Met Police chief Sir Mark Rowley has weighed in on a controverisal fundraiser for two sacked police officers.

  • The head of the Metropolitan Police has said officers who have been dishonest should not be in the force

  • A fundraiser for two PCs sacked over the stop and search of two black athletes has raised over £134,000

  • Bianca Williams says she and her partner Ricardo Dos Santos are being attacked over the case

Watch: How the Met Police's stop and search of Ricardo Dos Santos and Bianca Williams unfolded

The head of the Metropolitan Police has suggested people donating to a fundraiser set up to support two sacked police officers are "confused".

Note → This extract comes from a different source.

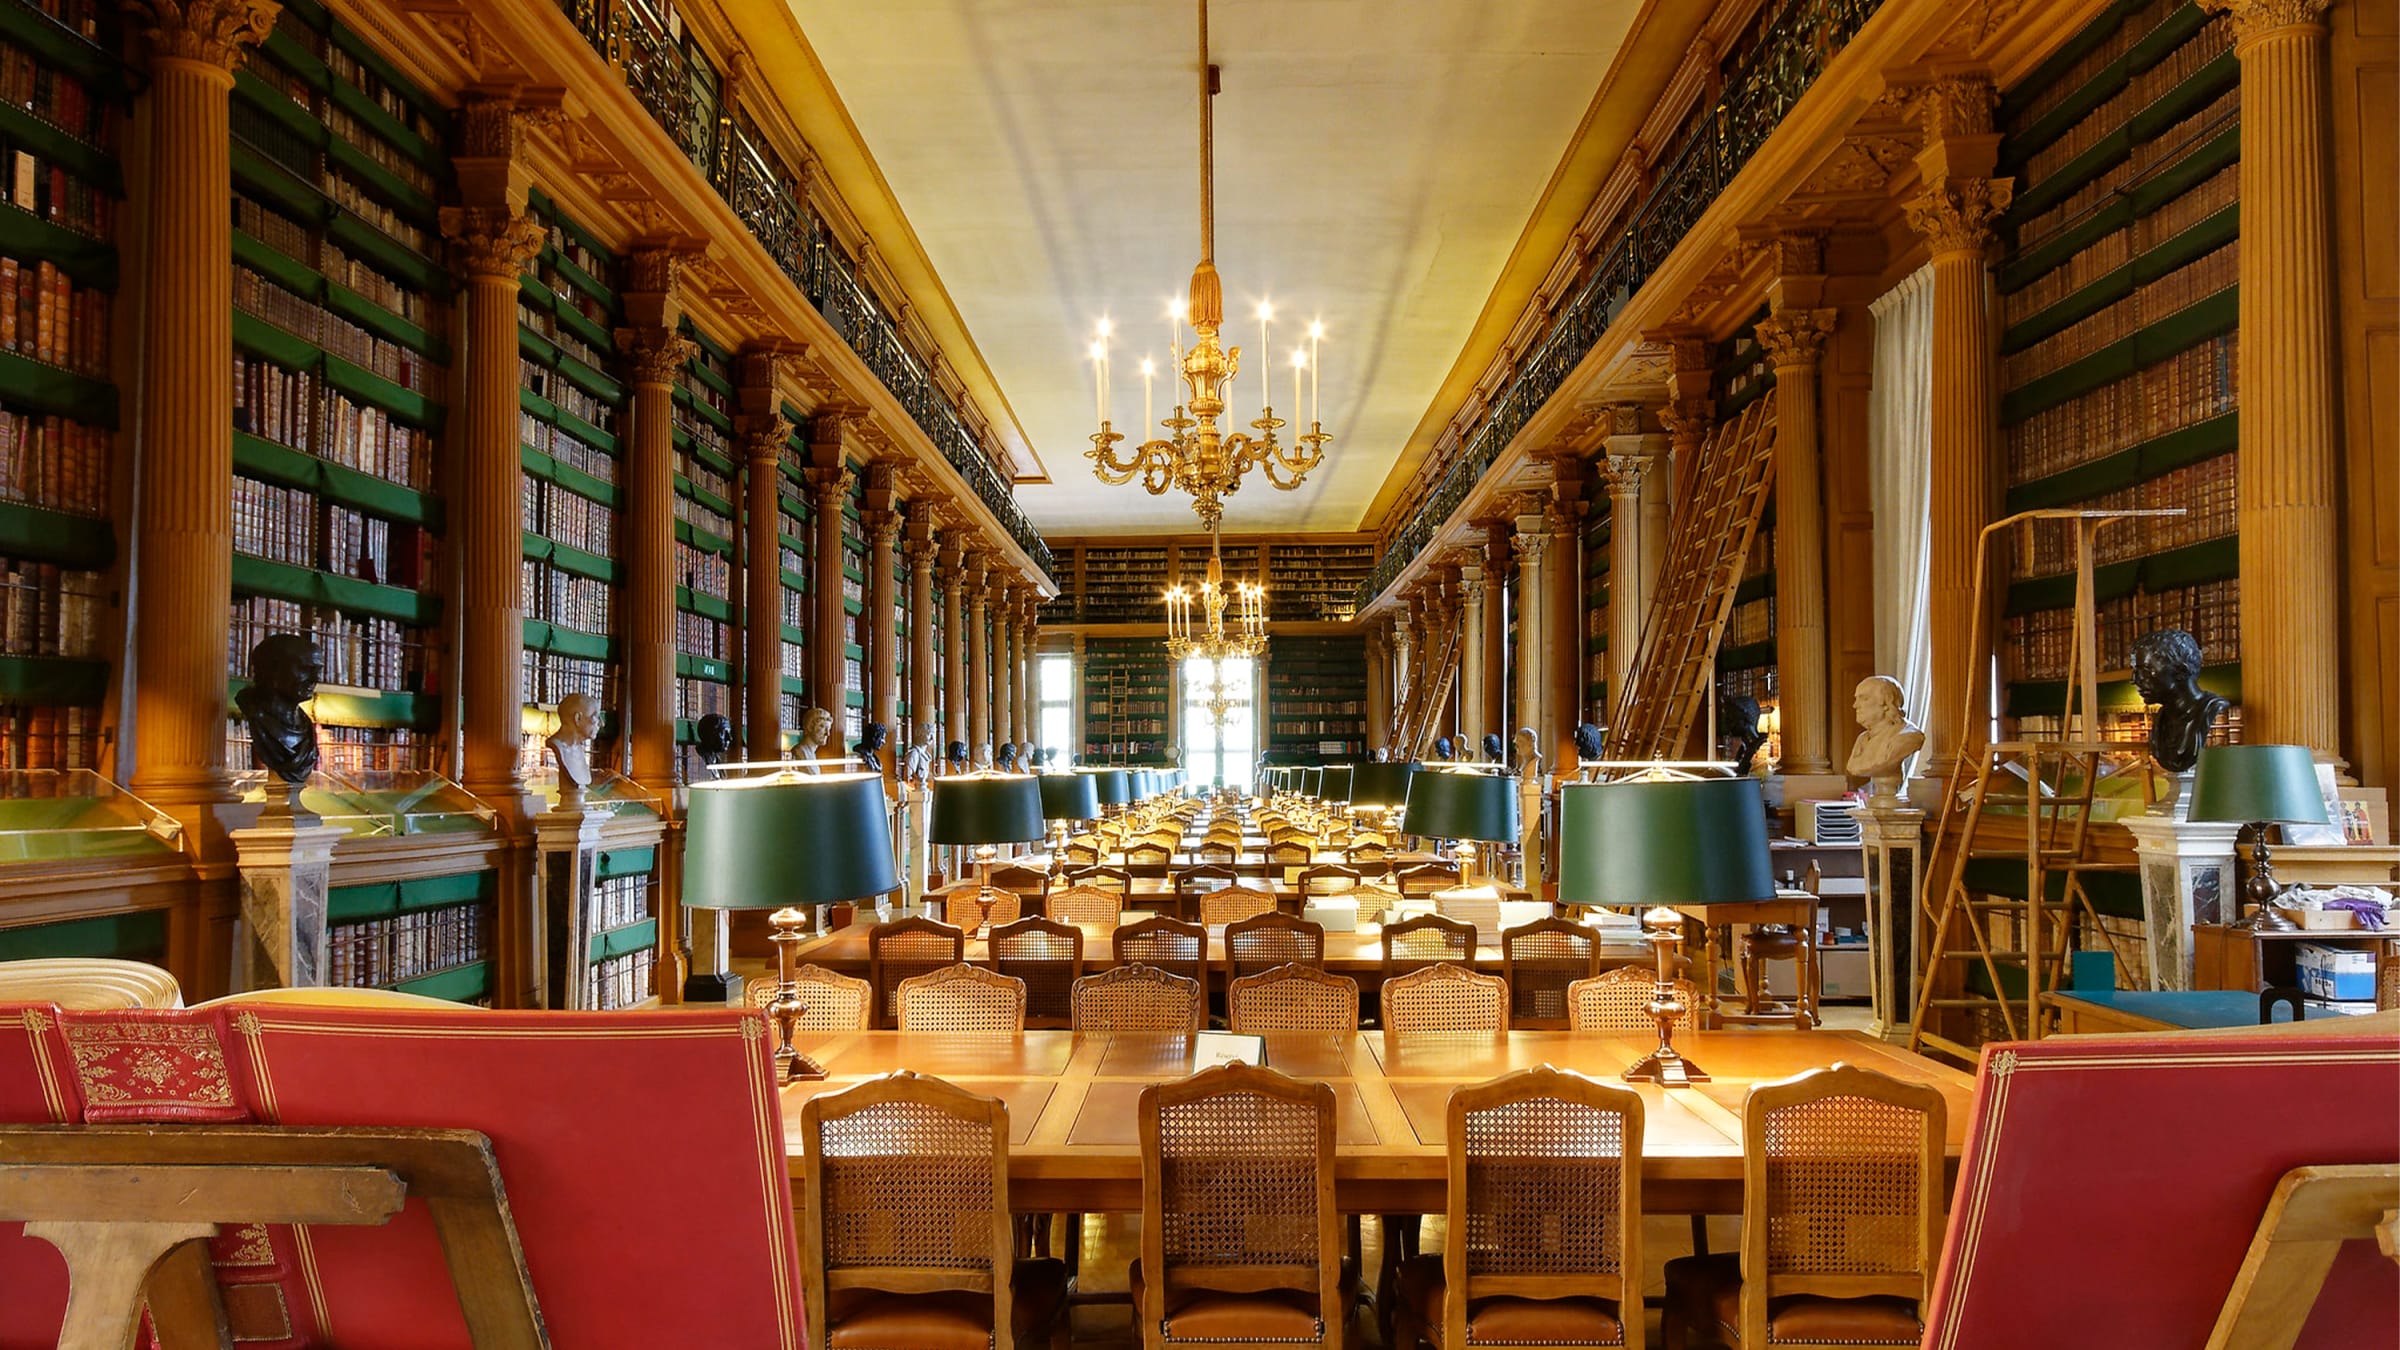 BibliothÃ¨que Mazarine, France's Oldest Public Library, is Paris' Best Oasis

Sir Mark Rowley's comments come after a watchdog found two PCs involved in the stop and search of Black athletes Bianca Williams and Ricardo Dos Santos to be guilty of gross misconduct.

The Independent Office for Police Conduct (IOPC) found PCs Johnathan Clapham and Sam Franks lied about smelling cannabis on the pair after pulling them over near their west London home in July 2020.

Despite the ruling, the two former officers have attracted plenty of sympathy, with an online fundraising page for the pair and their families fetching over £130,000 in donations within less than a week.

Messages left on the page described the case as "scandalous appeasement and scapegoating”, with another saying: “Stop destroying this once great police service the envy of the world."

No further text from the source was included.